Fixed-rate mortgages offer stability in installments and usually have shorter repayment terms
For their part, fixed mortgages offer stability in the installments, which do not vary throughout the life of the loan. In addition, they tend to have shorter repayment terms, although they bear more commissions and interest than in the case of variables. This type of mortgage allows clients to perfectly plan their future payments and, with it, improve their personal finances. There are also mixed mortgages, which combine fixed interest during the first years with variable interest in the last stage of payment.

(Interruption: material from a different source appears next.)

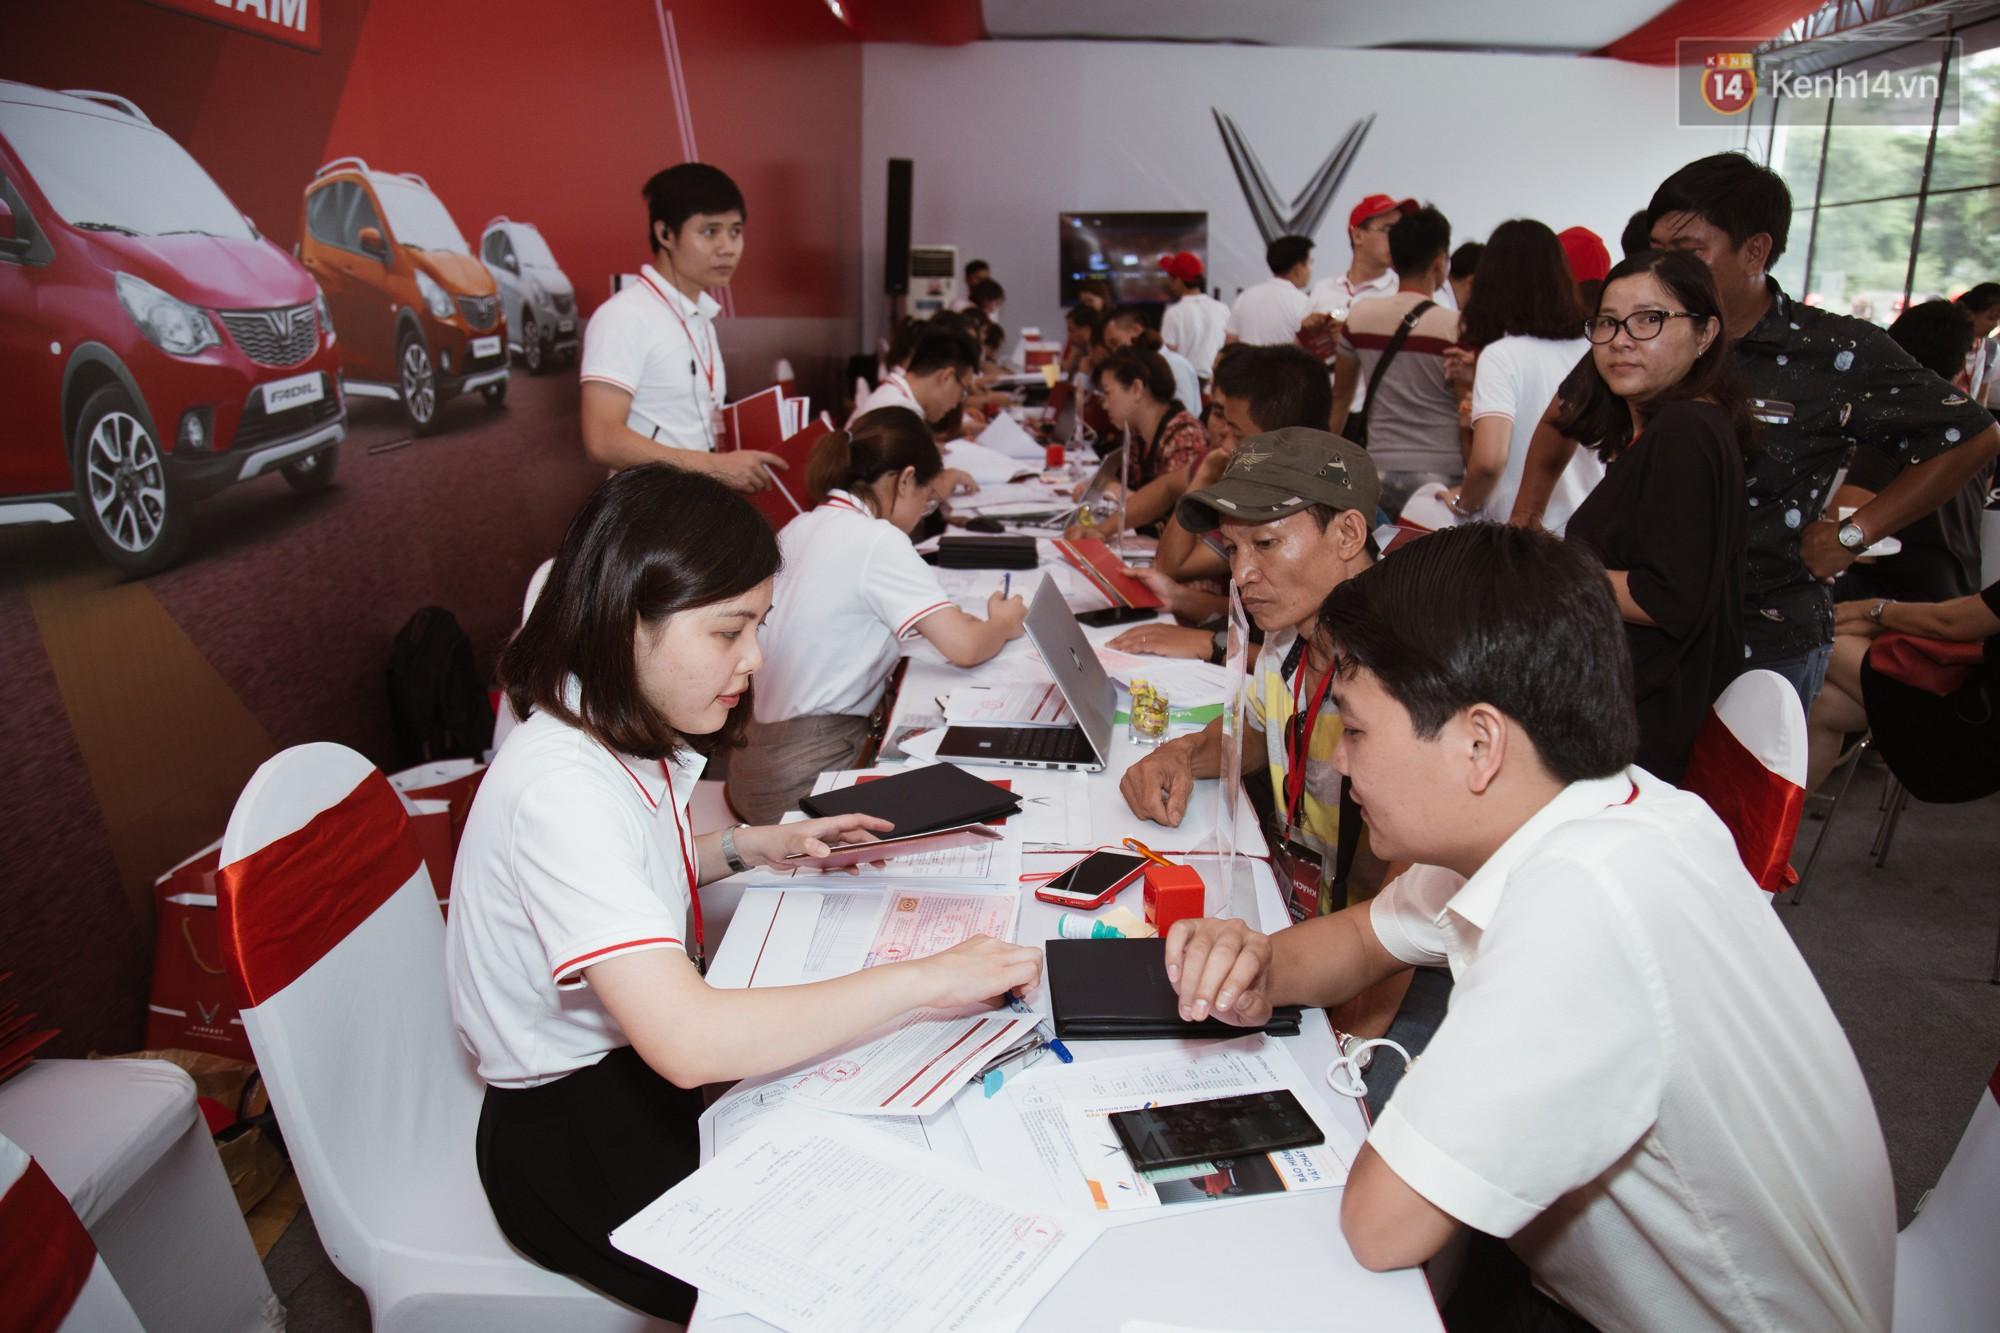 VinFast bàn giao hàng trăm xe ô tô Fadil, khách hàng tự hào: Người Việt dùng hàng Việt! - Ảnh 19.

Calculator: Find out if you are more interested in a fixed or variable rate mortgage
As the INE figures show, it seems that citizens nowadays prefer to opt for security. It should not be forgotten that the economic situation is still very delicate and that many people are still afraid of losing their jobs. In the first nine months of 2020, more than 119,400 fixed-rate mortgages were formalized, more than those formalized in all of 2017 and twice as many as in 2016.
Is it a good time to buy?
In both cases, what is convenient is to analyze the purchase process well, seek advice to be sure and know in depth the steps that must be taken to formalize the operation. COVID-19 has strongly shaken the real estate market, but this is not proving to be one of the most affected sectors. In addition, experts agree when stating that it has much more solid foundations than in the previous crisis of 2008 that make it more prepared to face the blows.
Anna Gener, CEO of Savills Aguirre Barcelona, talks on the Banco Sabadell Podcast about the changes and opportunities that housing offers after the health crisis. He recognizes that there is now some paralysis in the sector and believes that the return to the commercialization rhythm that existed before the outbreak of the pandemic will depend on the economic situation, which directly influences the security that citizens feel regarding their income, and the conditions of mortgage loans.